> DATA SECTION
|---|
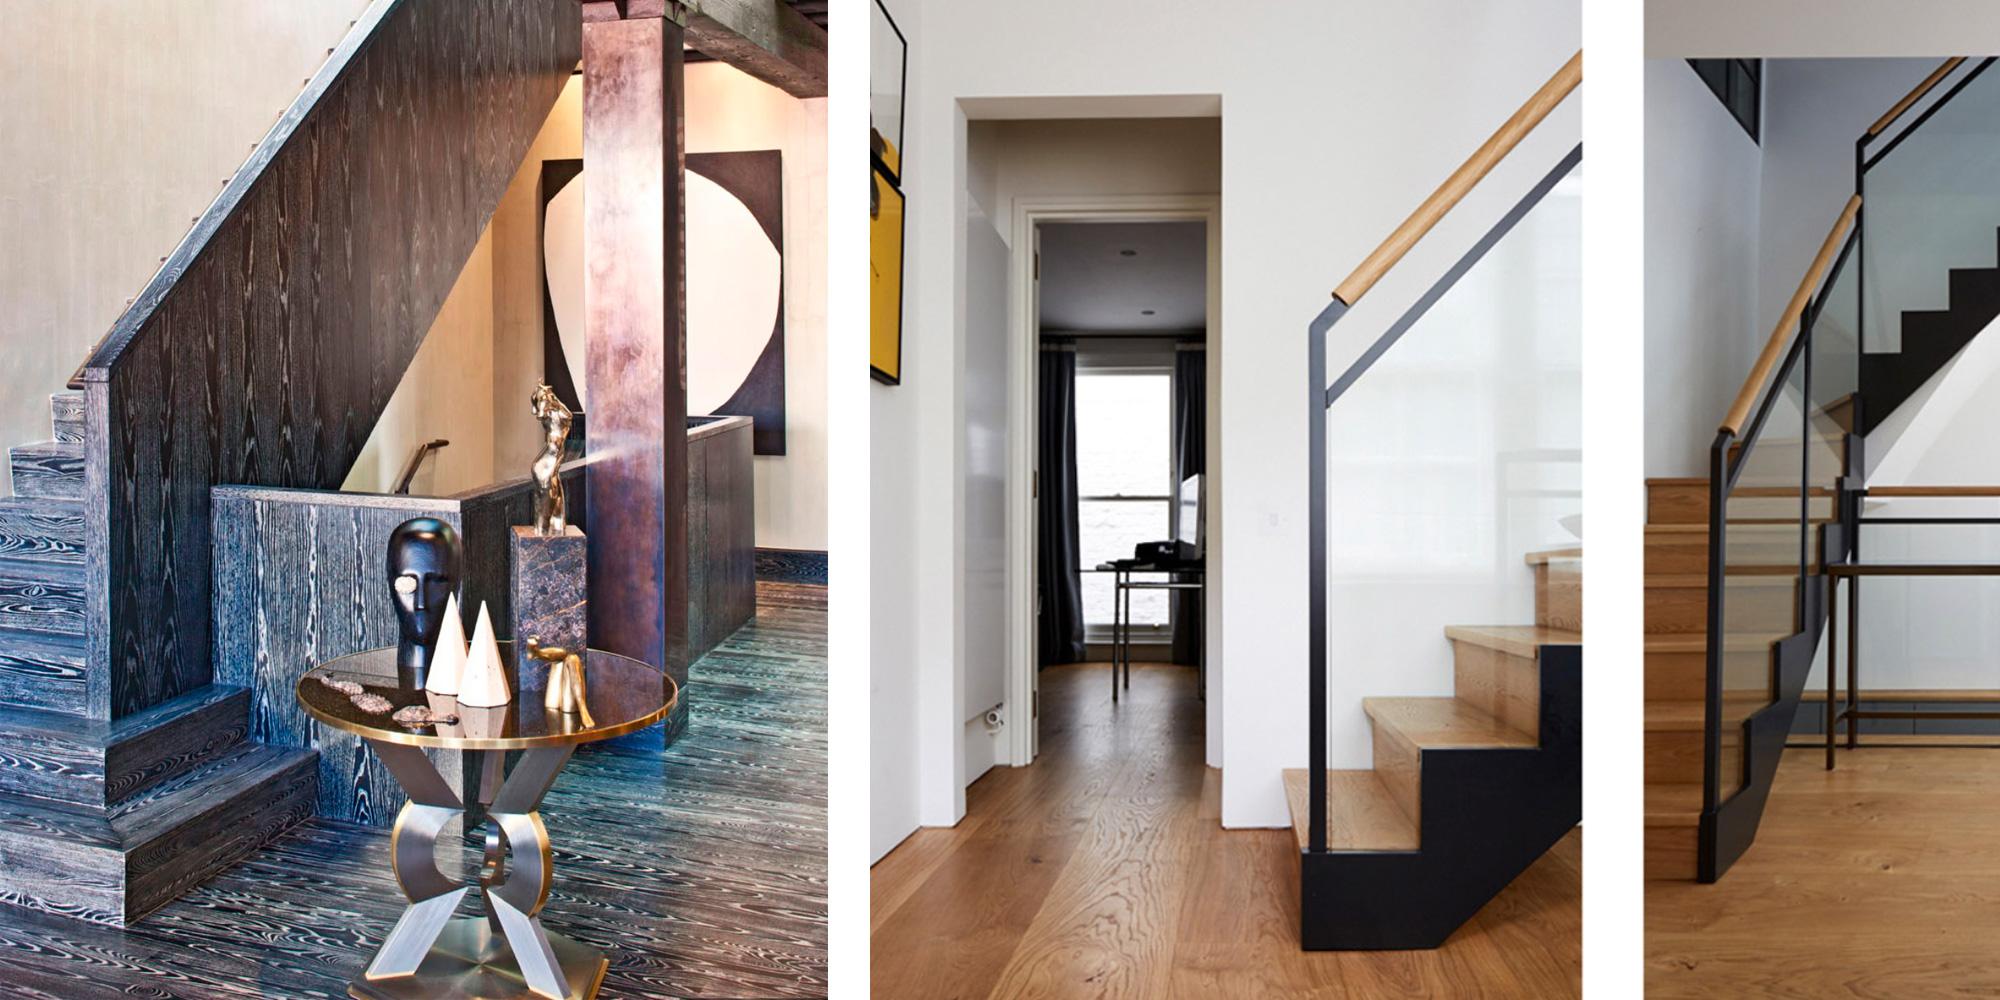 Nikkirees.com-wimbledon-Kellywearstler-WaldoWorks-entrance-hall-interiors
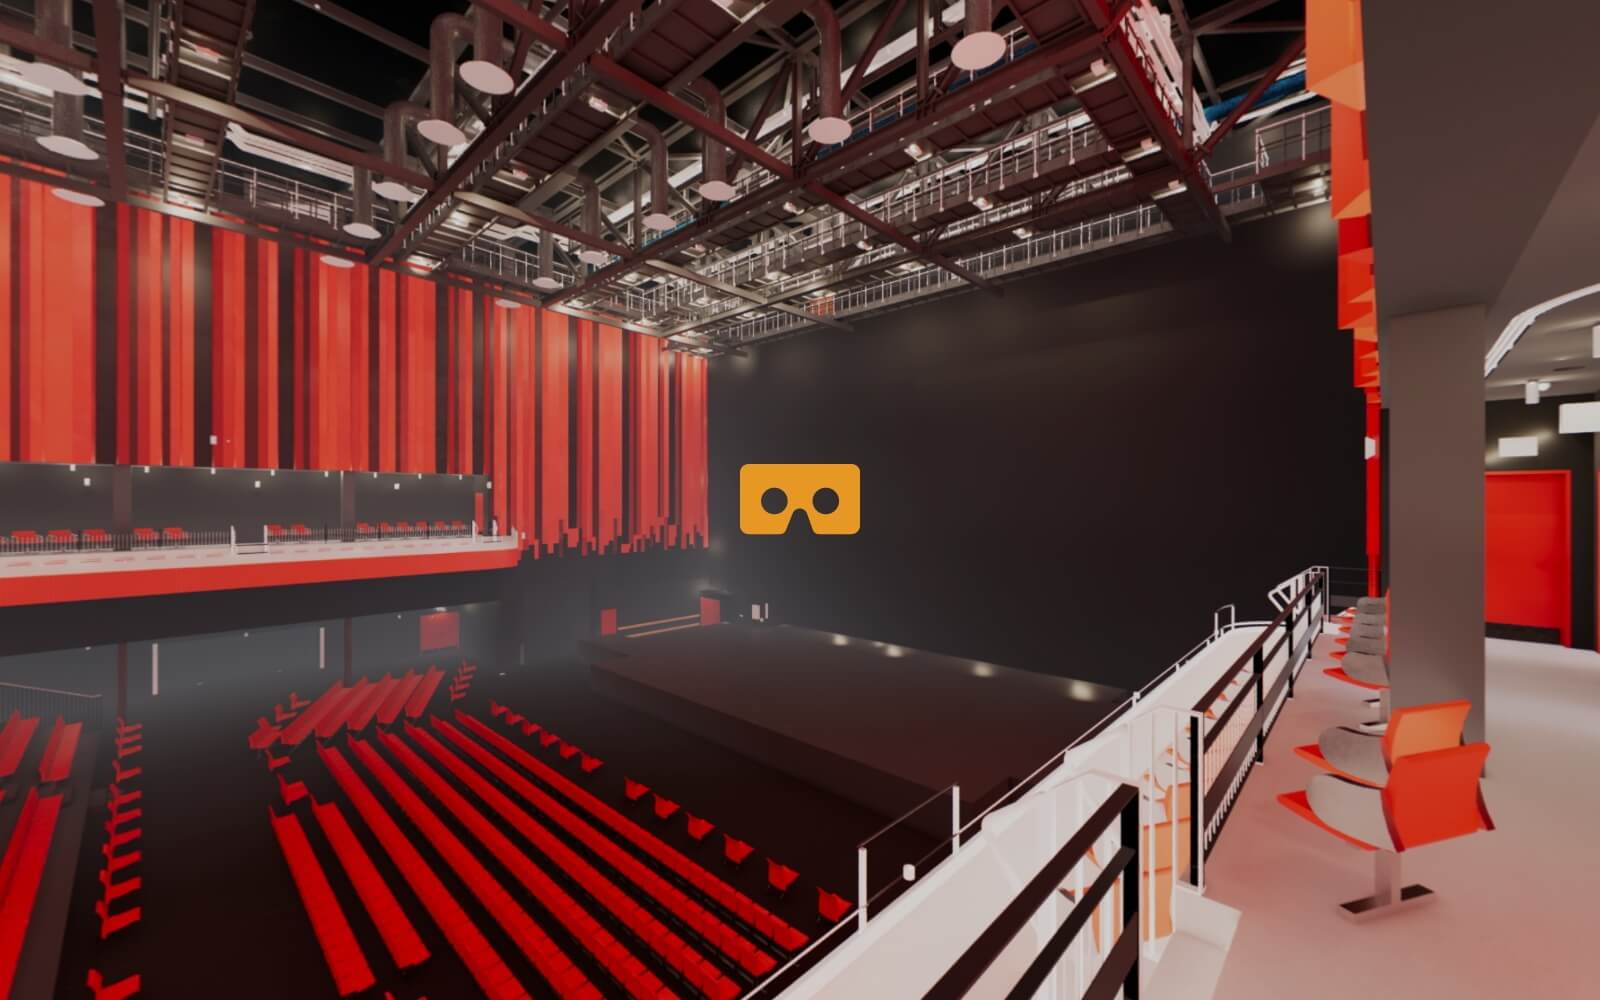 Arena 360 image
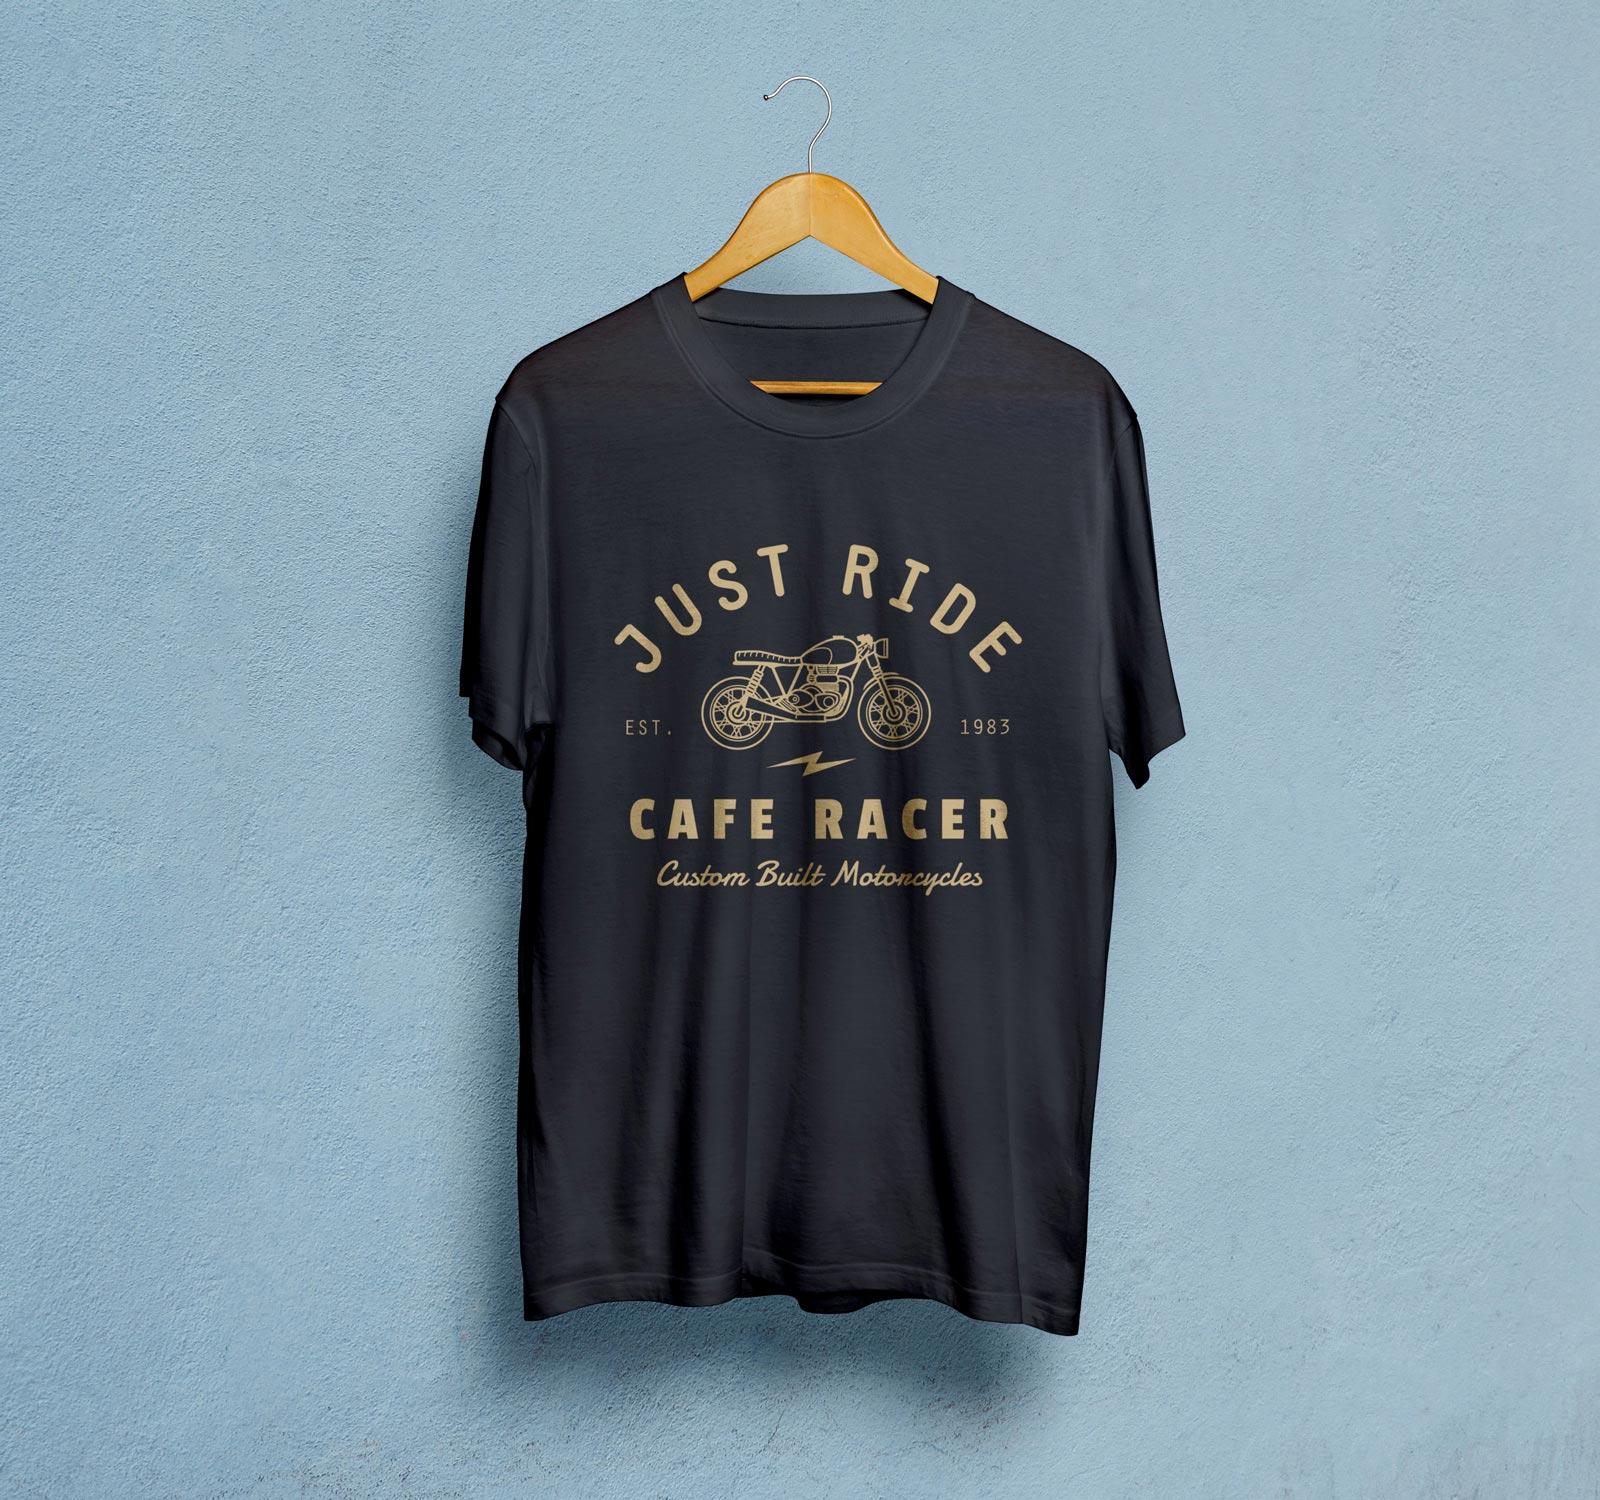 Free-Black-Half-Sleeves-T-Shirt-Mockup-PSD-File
|---|
> ABOUT THIS TASK
Your copy of the listing should match it exactly, apart from the pictures, which are left out.

> ANSWER SECTION
 Nikkirees.com-wimbledon-Kellywearstler-WaldoWorks-entrance-hall-interiors
 Arena 360 image
 Free-Black-Half-Sleeves-T-Shirt-Mockup-PSD-File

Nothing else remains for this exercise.